Do you see what happens when we CHOOSE to focus on the negative and readily find the faults in someone else? You WILL see it all over! Why? Because YOU are choosing to focus on it and YOU are seeking things to confirm your bias.
This will destroy the culture of a church.
Let me offer a different “frequency bias” to focus on, that doesn’t have to just be an illusion, but a permeating reality in our relationships and churches.
Apply grace. Apply forgiveness.
Everyone has faults. EVERYONE! You can choose to fixate on those or you can forgive where forgiveness is needed and focus on a person’s strengths over their weaknesses.

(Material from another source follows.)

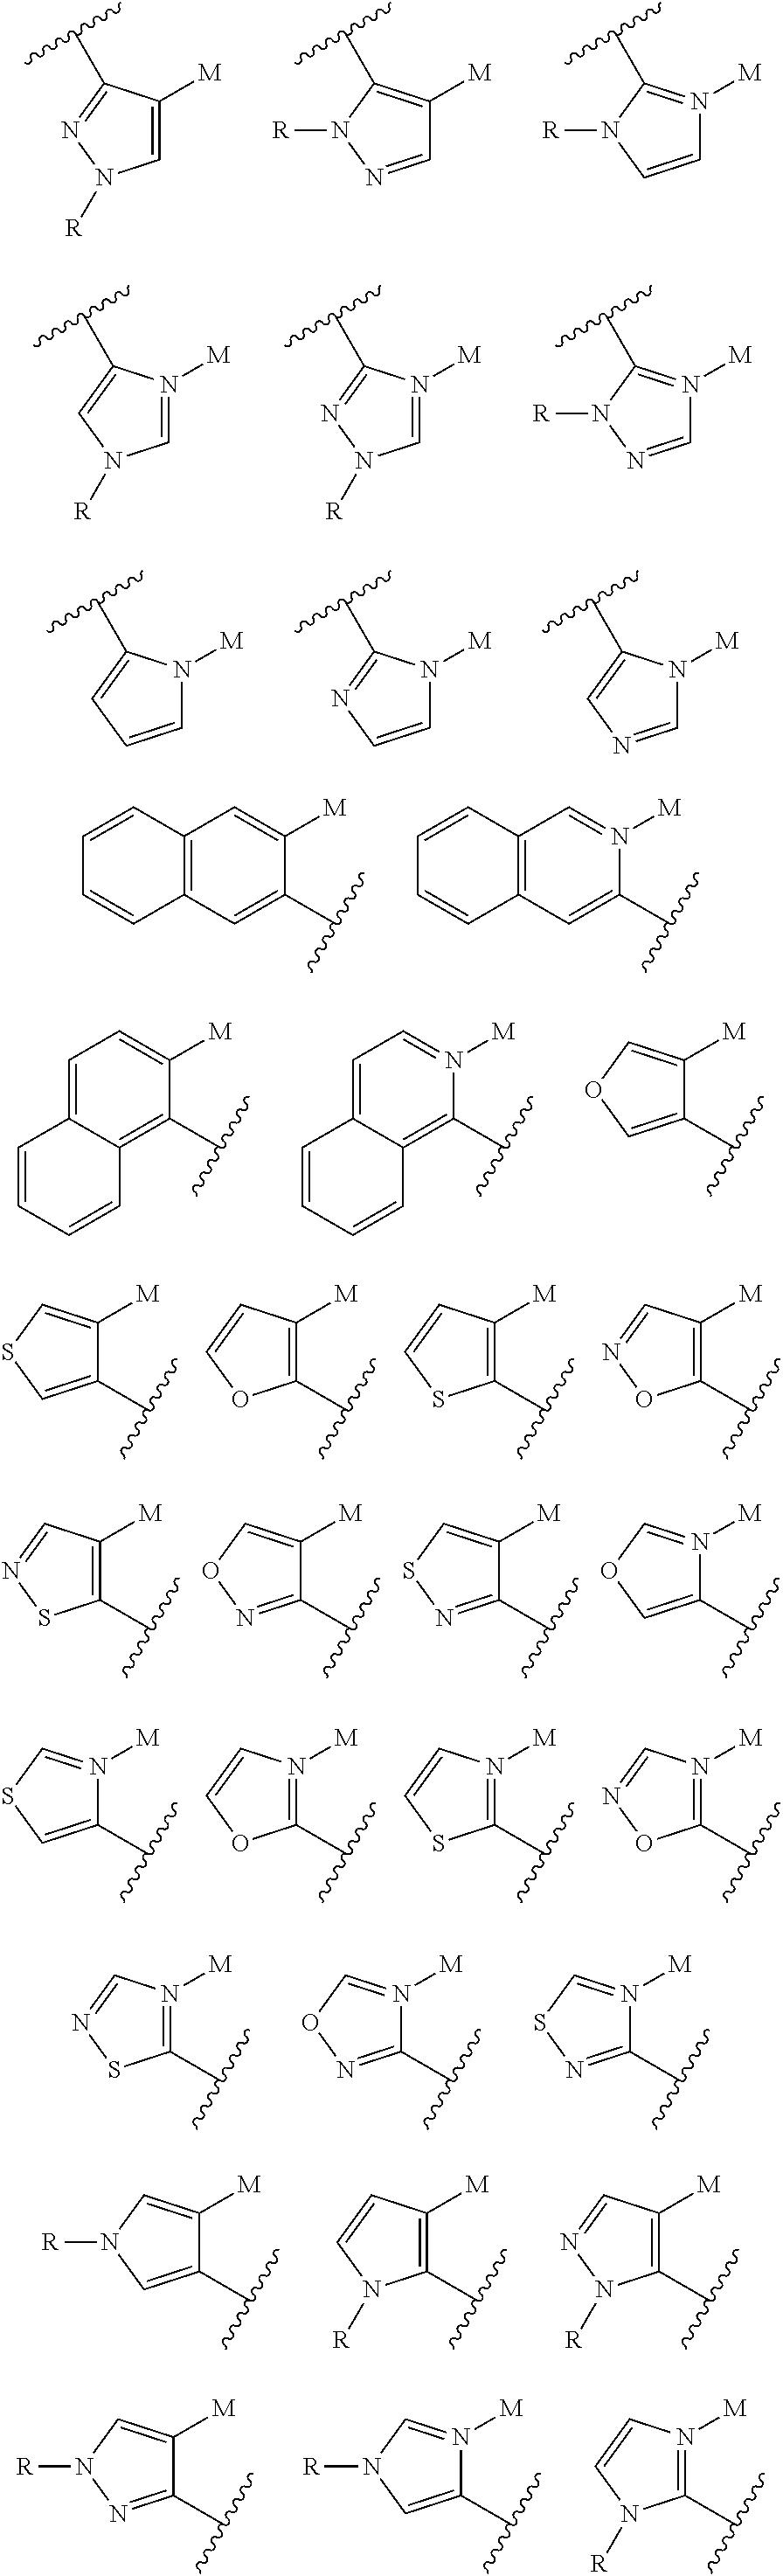 Figure US09818959-20171114-C00054

Be kind. Kindness offers to help, rather than tear down. Kindness does good instead of perpetuating hurt.
Be compassionate. You don’t know the other person’s story. Maybe their mind was very distracted and they just had a big thing happen before church. They weren’t dissing you. They needed you! Maybe they weren’t micromanaging the project, but just juggling all the components to make sure the outcome was the excellence everyone wanted. Learn from them, don’t run from them.
Forgive. We’ve established there is no one in the church that does not sin. We all do. So, we will all need forgiveness from each other. As you have been freely given forgiveness, apply it to others. Lovingly work through the conflict and hurt, but always have the goal to restore and strengthen relationships rather than let Satan tear them apart.
Bottom line…show them grace.
Let grace be the “frequency bias” we carry that leads us to be kind, compassionate, AND forgiving.
Apply: What situations would kindness, compassion, or forgiveness help to navigate in your life today?
Prayer: Father, as you have applied forgiveness to me, help me to show the same grace and freely forgive others around me. AMEN.